As the 21st century progresses, South Carolina attracts new business by having a 5% corporate income tax rate, no state property tax, no local income tax, no inventory tax, no sales tax on manufacturing equipment, industrial power or materials for finished products; no wholesale tax, no unitary tax on worldwide profits.
South Carolina was one of the first states to stop paying for 'early elective' deliveries of babies, under either Medicaid and private insurance. The term early elective is defined as a labor induction or Cesarean section between 37–39 weeks that is not medically based. This change is intended to result in healthier babies and fewer unnecessary costs for South Carolina.
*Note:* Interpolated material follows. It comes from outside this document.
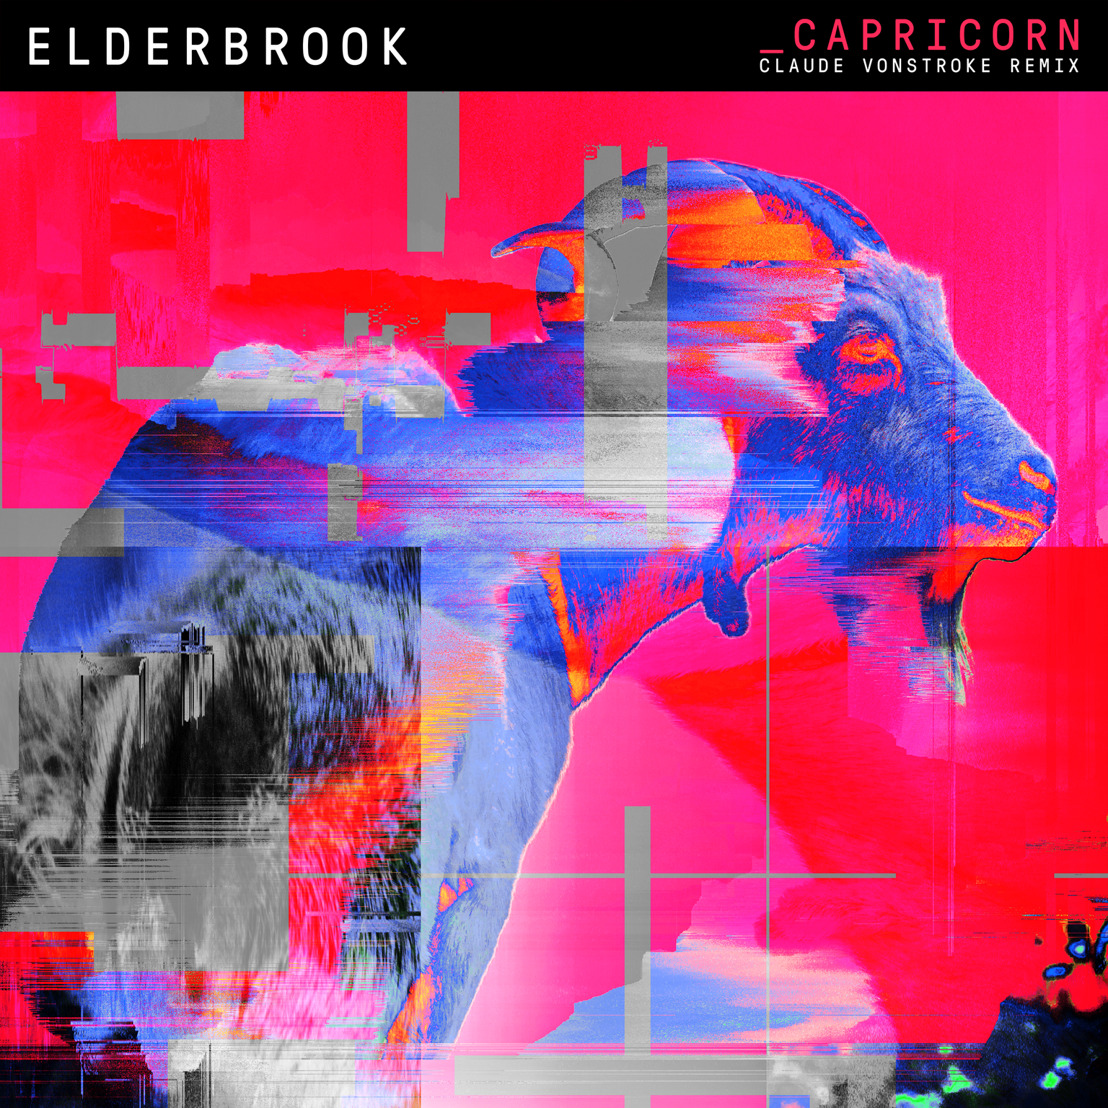 ELDERBROOK SHARES NEW CLAUDE VONSTROKE REMIX OF 'CAPRICORN'
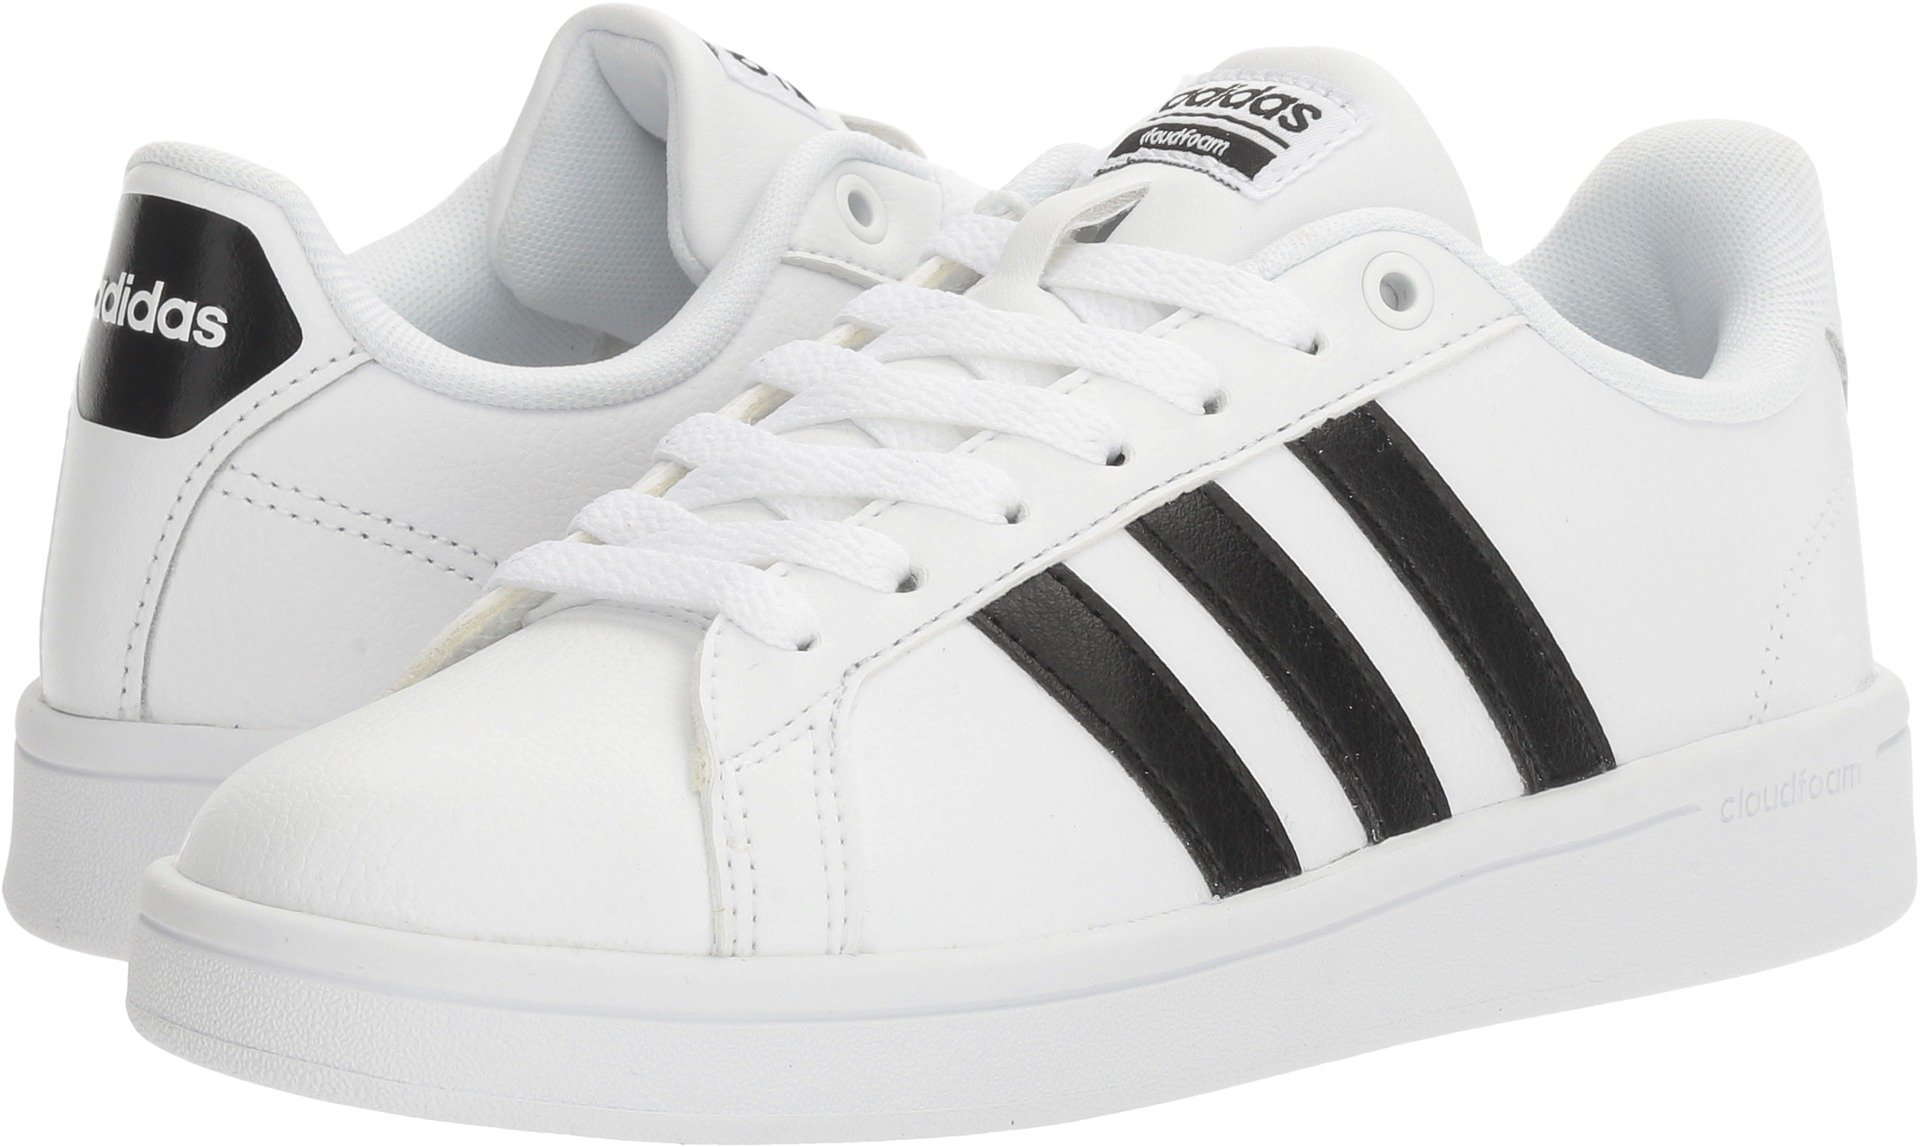 ویکالا · خرید  اصل اورجینال · خرید از آمازون · adidas Women's Shoes | Cloudfoam Advantage Sneakers, Black/White, (7 M US) wekala · ویکالا

On November 20, 2014, South Carolina became the 35th state to legalize same-sex marriages, when a federal court ordered the change.
South Carolina has many venues for visual and performing arts. The Gibbes Museum of Art in Charleston, the Greenville County Museum of Art, the Columbia Museum of Art, Spartanburg Art Museum, and the South Carolina State Museum in Columbia among others provide access to visual arts to the state. There are also numerous historic sites and museums scattered throughout the state paying homage to many events and periods in the state's history from Native American inhabitation to the present day.
South Carolina also has performing art venues including the Peace Center in Greenville, the Koger Center for the Arts in Columbia, and the Newberry Opera House, among others to bring local, national, and international talent to the stages of South Carolina. Several large venues can house major events, including Colonial Life Arena in Columbia, Bon Secours Wellness Arena in Greenville, and North Charleston Coliseum.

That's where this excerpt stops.